Which just goes to show how ludicrous the Toshiba tech's claim that this
is a VSS partition is. Besides, a 24GB partition seems awfully large for
a VSS partition, doesn't it? The only thing I've seen that uses the VSS
system regularly is my backup/imaging program (in my case it's Macrium
Reflect, but it could be Acronis TrueImage, or whatever). During the
time that the imager is working I doubt you're going to get 1GB of
changes happening in the background, let alone 24GB!

Yousuf Khan
 
Yousuf Khan said:
It's probable, but when I used the command-line based Windows util,
diskpart.exe (which I assume is more powerful than the graphical Disk
Management utility), it couldn't recognize the filesystem on the Type 17
partitions. I did recognize the filesystem on the type 27 partition,
even though that's also considered a hidden NTFS.

What does TestDisk say?

http://www.cgsecurity.org/wiki/TestDisk
I
suppose I could read it raw with the Unix/Linux-based DD utility, but
then I need to clear off this partition to even get Unix on this
machine. Lotsa catch-22's.

use a live CD.
 
Yousuf said:
It says both are "hid HPFS/NTFS"


You'd still need to be able to store the image file on a large enough
file system, which usually means the internal hard disk.

Yousuf Khan

The "disktype" program will tell you for sure what it is.

http://disktype.sourceforge.net/

Available from Synaptic Package Manager, if you have all
repositories turned on.

Paul
 
Yousuf Khan said:
It says both are "hid HPFS/NTFS"

there's your answer then.

TestDisk has a 'file browser' built-in. If those partitions are NTFS,
it should be able to produce a list of files for you. That'll confirm
that they are NTFS format and not some Toshiba proprietary format.
You'd still need to be able to store the image file on a large enough
file system, which usually means the internal hard disk.

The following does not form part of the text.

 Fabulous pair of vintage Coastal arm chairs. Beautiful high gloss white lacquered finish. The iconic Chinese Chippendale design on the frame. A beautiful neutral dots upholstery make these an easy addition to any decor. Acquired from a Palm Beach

What's wrong with using an external USB disk?
 
there's your answer then.

TestDisk has a 'file browser' built-in. If those partitions are NTFS,
it should be able to produce a list of files for you. That'll confirm
that they are NTFS format and not some Toshiba proprietary format.

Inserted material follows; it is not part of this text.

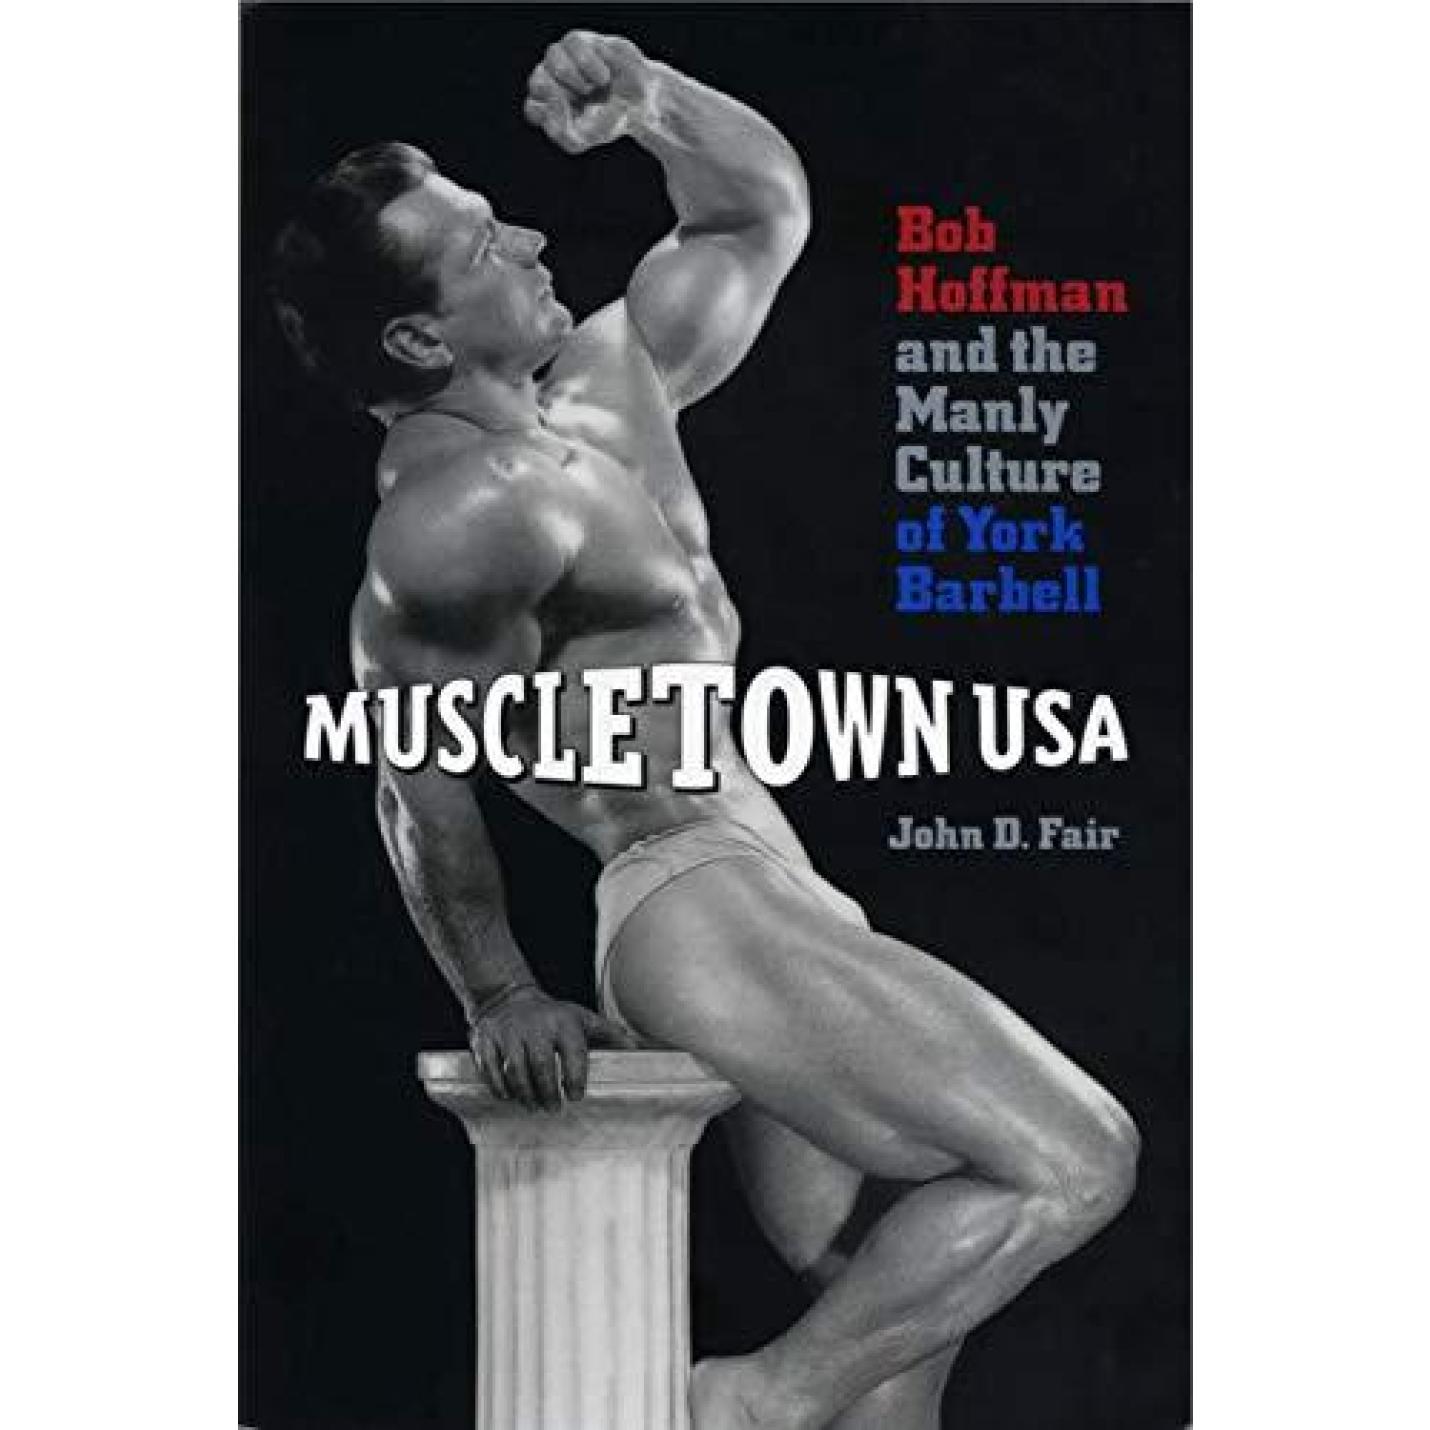 John D Fair: Muscletown USA: Bob Hoffman and the Manly Culture of York Barbell (Engels) (Paperback) Paperback

I wonder if I can just change the partition type from 17 to 07, then
it'll become a standard NTFS. I should then be able to just back it up
with my imaging program.

Yousuf Khan
 
I wonder if I can just change the partition type from 17 to 07, then
it'll become a standard NTFS. I should then be able to just back it up
with my imaging program.
Yousuf Khan

If you do a sector-image, the partition type should not matter.

Arno
 
Yousuf Khan said:
I wonder if I can just change the partition type from 17 to 07, then
it'll become a standard NTFS. I should then be able to just back it up
with my imaging program.

Just changing the partition type should not be data-destructive, but if
you're ultra-cautious, as a precaution you could make an image of the
partition elsewhere and change the type on that to 07, then see if it
appears as a normal NTFS filesystem.